### Required action
Look below for the line that contains "Bild von vier", then quote it and all the lines after it, exactly, with the pictures left out.

### Material provided
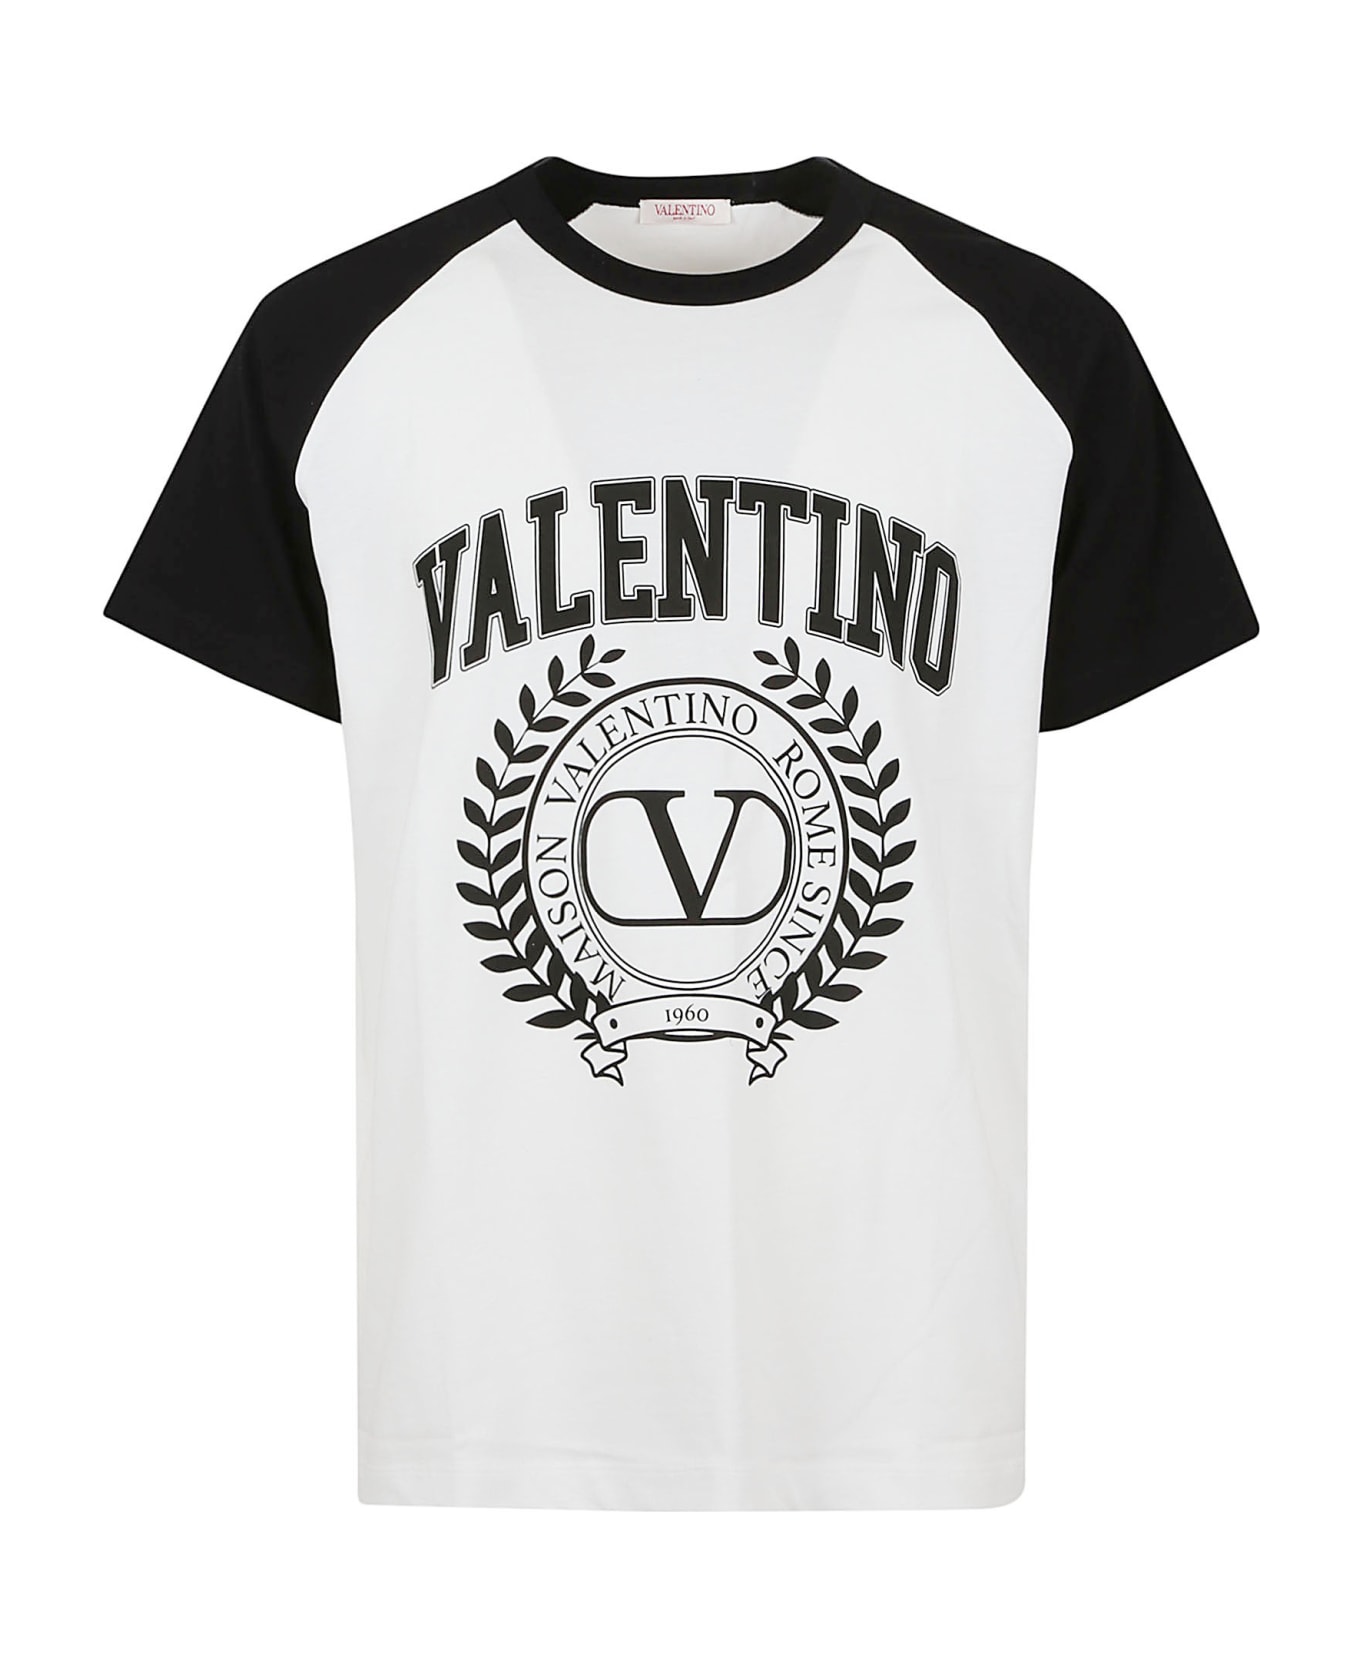 Valentino Garavani T-shirt Maison Valentino - Bianco Nero シャツ
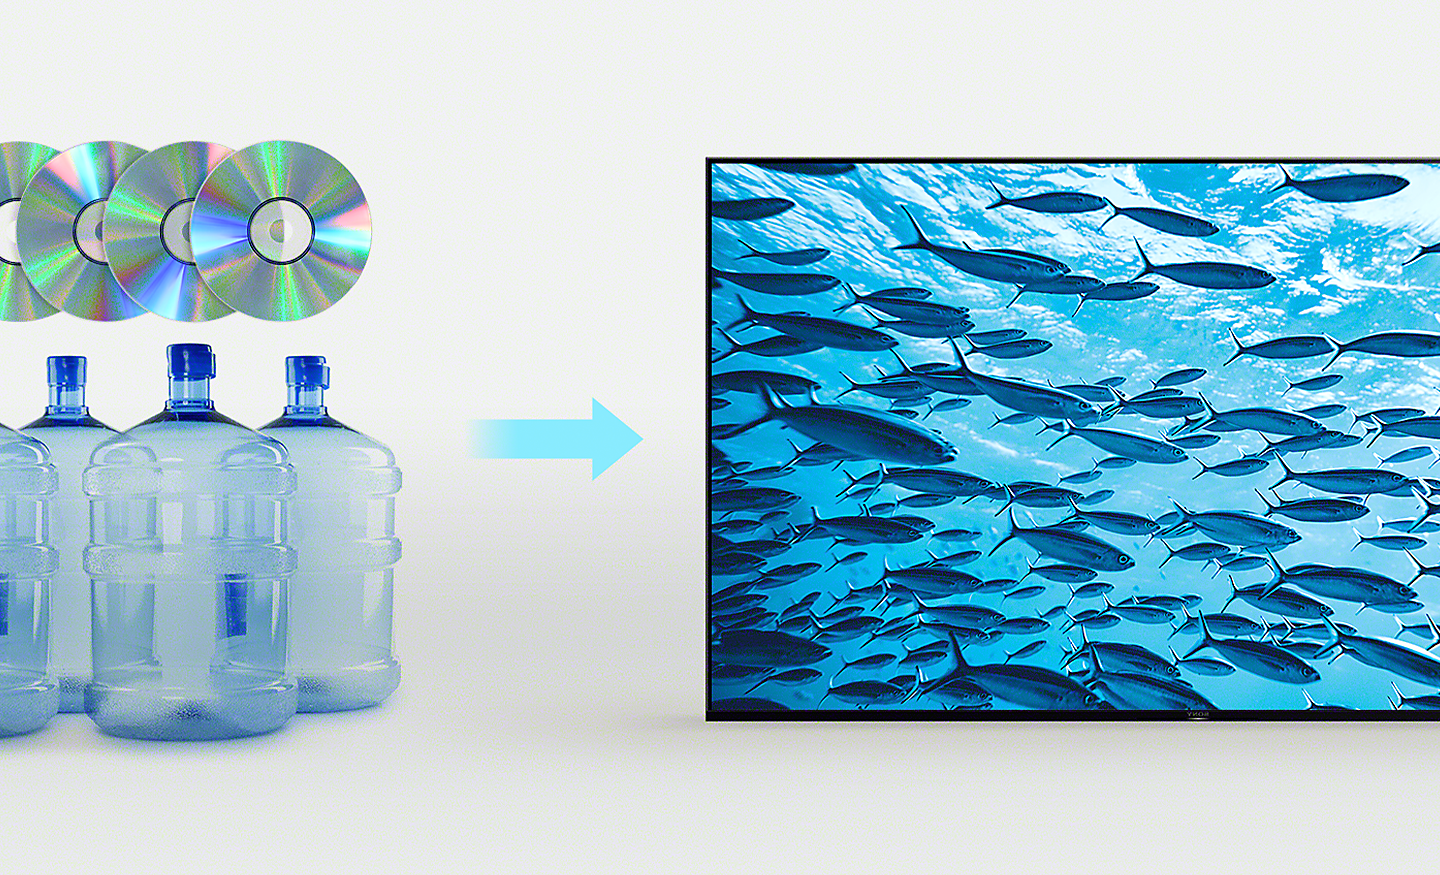 Bild von vier Kunststoffflaschen und vier CDs links und einem Pfeil rechts, der auf einen BRAVIA Fernseher mit einem Screenshot schwimmender Fische im Ozean zeigt
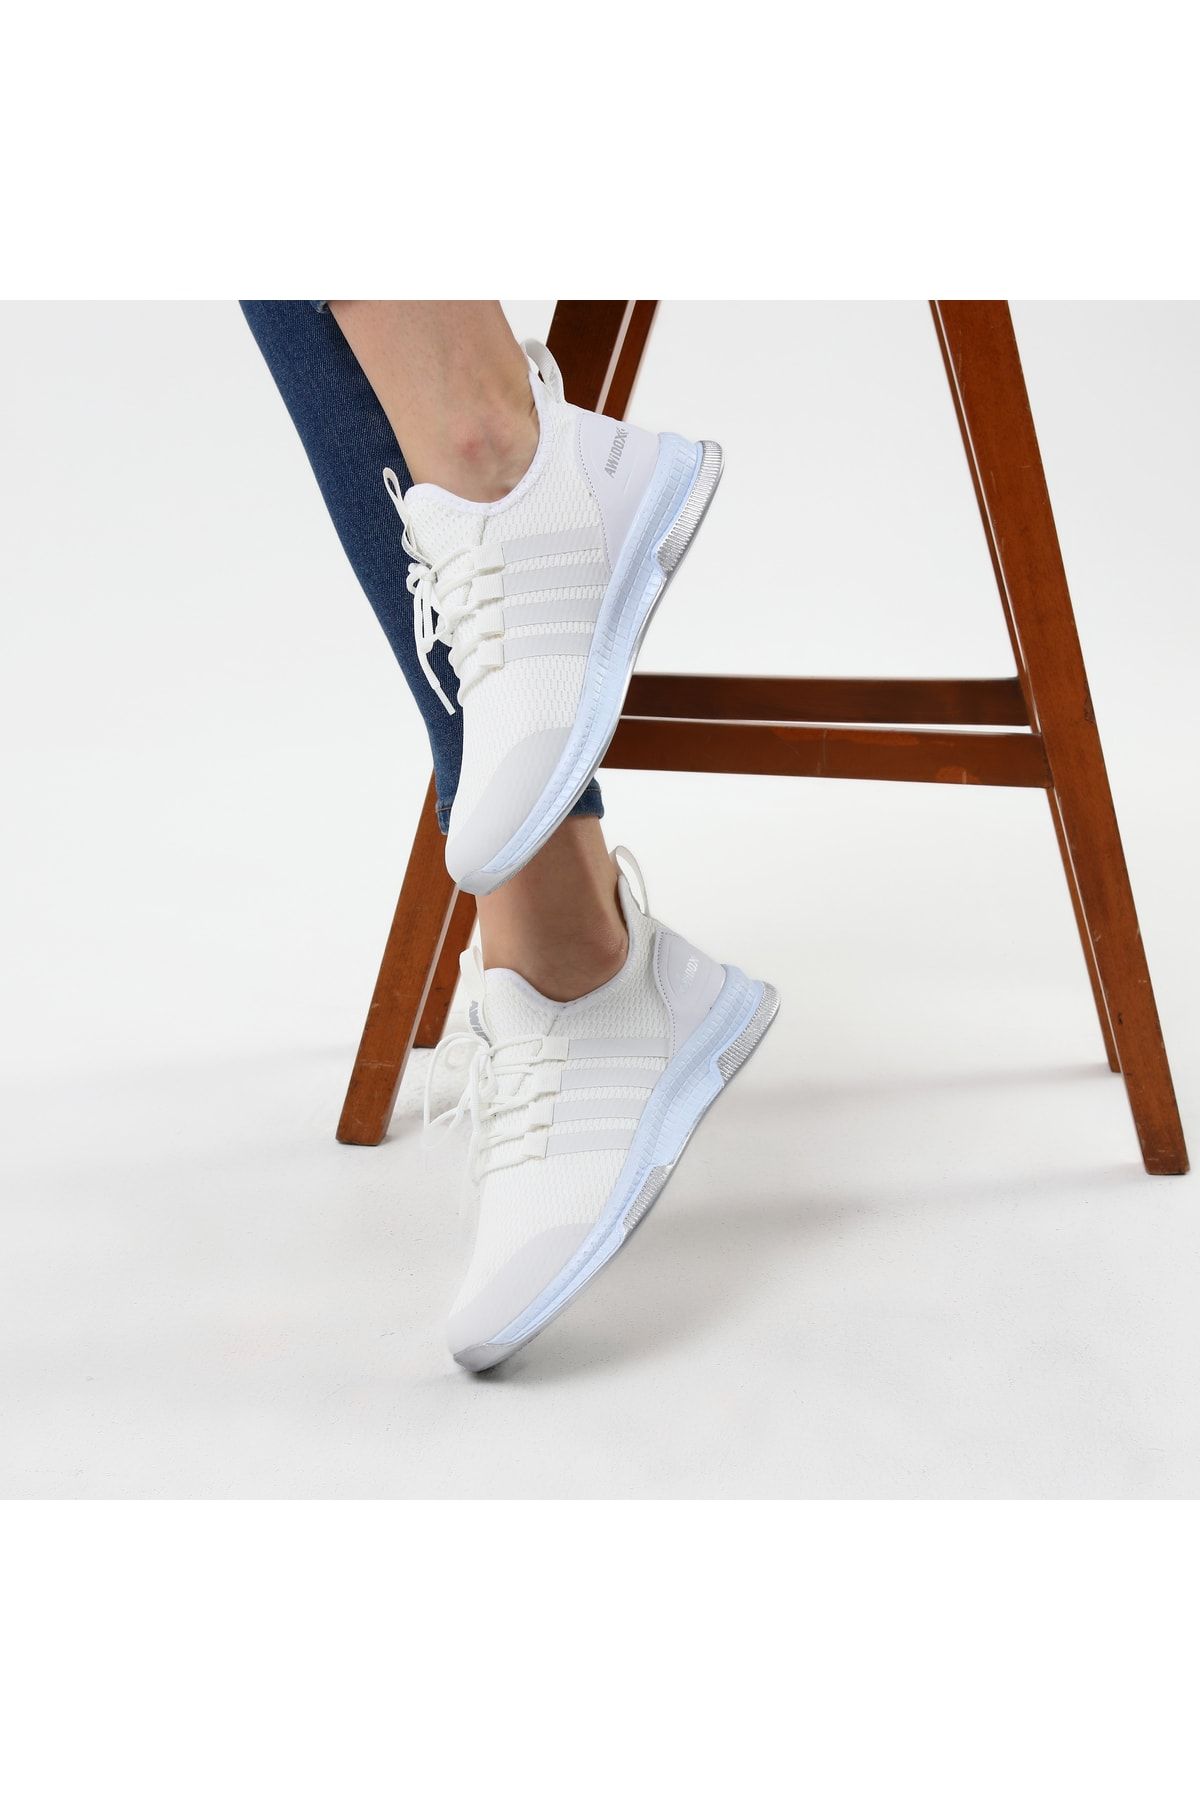 AVA Beyaz Kadın Hafif Günlük Spor Yürüyüş Sneaker Ayakkabı
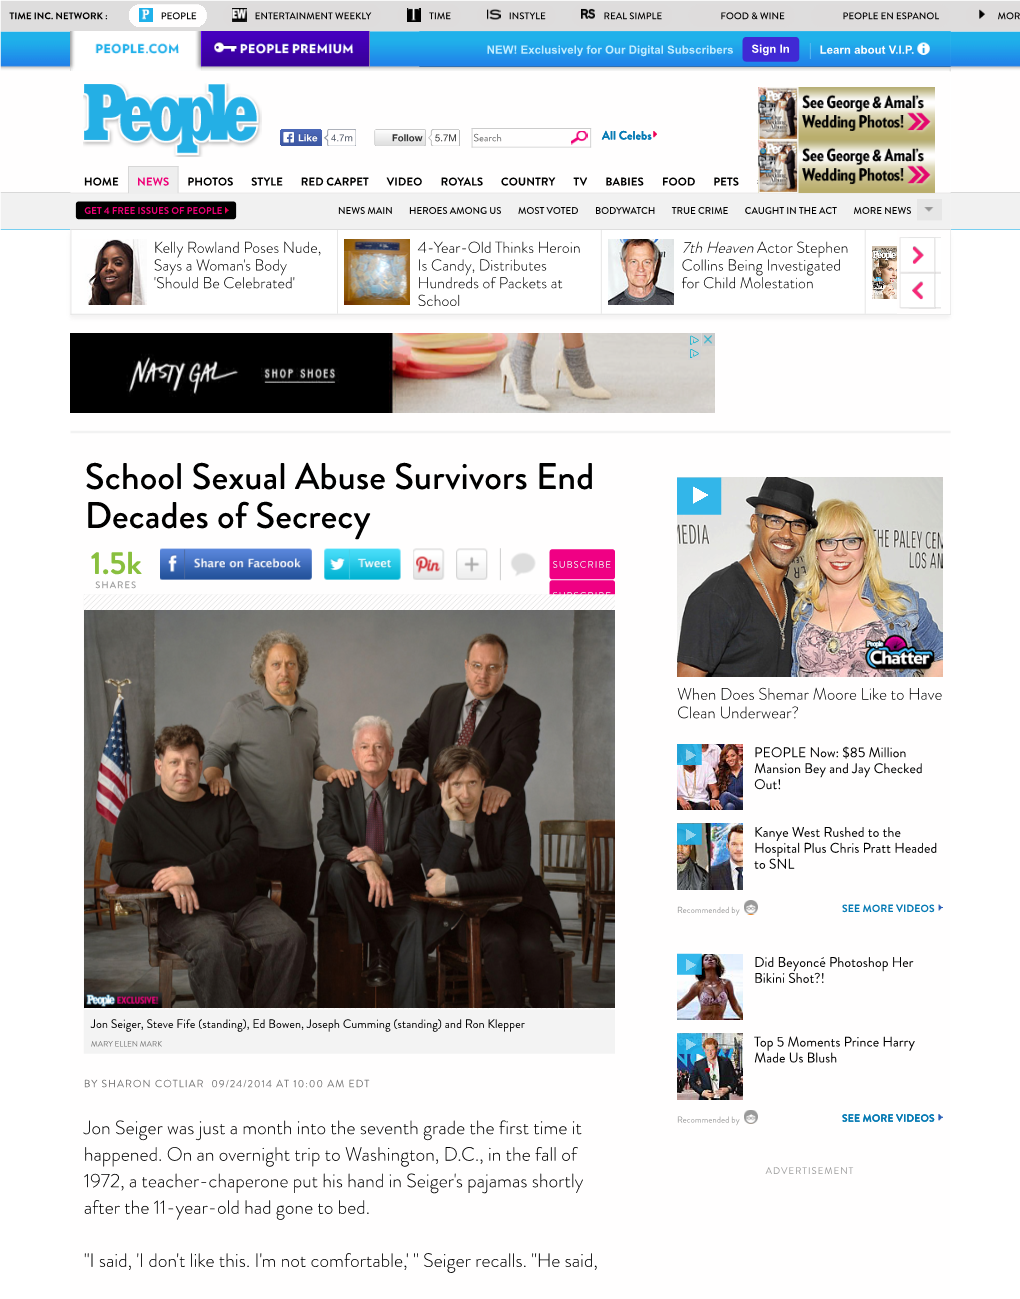 Sharon Cotliar, School Sexual Abuse Survivors End Decades of Secrecy

### Solution for this task
 Bild von vier Kunststoffflaschen und vier CDs links und einem Pfeil rechts, der auf einen BRAVIA Fernseher mit einem Screenshot schwimmender Fische im Ozean zeigt
 AVA Beyaz Kadın Hafif Günlük Spor Yürüyüş Sneaker Ayakkabı
 Sharon Cotliar, School Sexual Abuse Survivors End Decades of Secrecy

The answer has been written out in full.